No se trata de fomentar las humanidades a lo loco. Ante la falta de preferencias o la coexistencia de diversas aptitudes siempre es recomendable escoger el camino seguro. Mas los diferentes también tenemos derecho a serlo. A estudiar autores clásicos, lenguas muertas o especies protegidas. A formarnos para trabajar en profesiones menos convencionales. O al menos, a intentarlo. Y si existen más vocaciones de un tipo que de otro, si demasiadas personas no pueden dedicarse a aquello para lo que nacieron, tal vez sea hora de plantearnos qué tipo de sociedad estamos construyendo; una conclusión desagradable para el poder establecido.

Soy de los que piensan que la Educación tendría que prepararnos para la vida, liberada del funesto apellido “laboral”. Lo aprendido a lo largo de la etapa formativa debería servirnos para siempre, profesiones (y pretensiones) al margen. En la presente época, con casi toda la información al alcance de un clic, memorizar el qué, cuándo y dónde resulta cada vez más prescindible. En cambio, dilucidar el cómo y el porqué de todo se ha vuelto más necesario que nunca. Ese sería un enfoque sencillo y práctico a la hora de emprender cualquier reforma educativa. Uno de tantos.

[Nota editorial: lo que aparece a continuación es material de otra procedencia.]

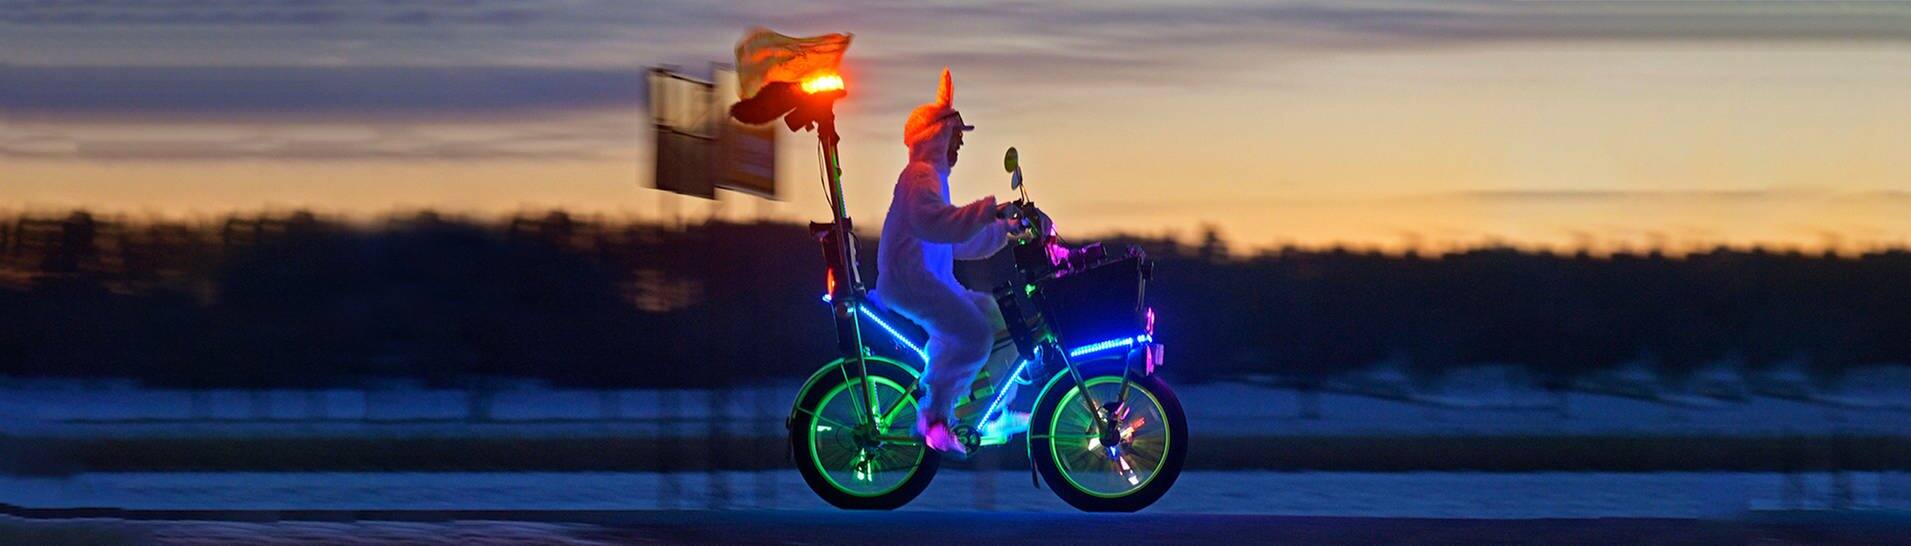 Fahrradfahrer bunt bei Nacht: Nachts auf richtiges Licht achten! (Foto: IMAGO, cyclist in a carnival costume)

Pero seamos francos: nada va a cambiar. No les interesa a los que mandan. Su prioridad es maquillar unas estadísticas vergonzantes. Hacer creer a Europa y al mundo que no somos lo que somos. Verter tanta gasesosa en el vino hasta que pierda gusto y color, manteniendo, eso sí, la botella y el precio originales. Cuando finalmente lo logre, el partido en el poder impondrá la Religión Católica o la Educación para la Ciudadanía y recortará o ampliará competencias a las consejerías de Educación de cada comunidad autónoma. Hasta que dentro de cuatro años, el nuevo Gobierno decida deshacer todo lo que hizo el anterior. Y así sucesivamente.

Poco a poco, se irá levantando un escenario en el que, según Jesús Nieto Jurado, “veremos en Sant Jordi a tetonas y cocineros y magufos vendiendo libros. Y será el final, con el crujir de dientes y las trompetillas de Jericó”. Algunos, los más afortunados, buscarán consuelo entre sus semejantes y podrán rememorar tiempos pretéritos. La mayoría ni siquiera tendremos a quién llorar. Ni palabras para expresarnos.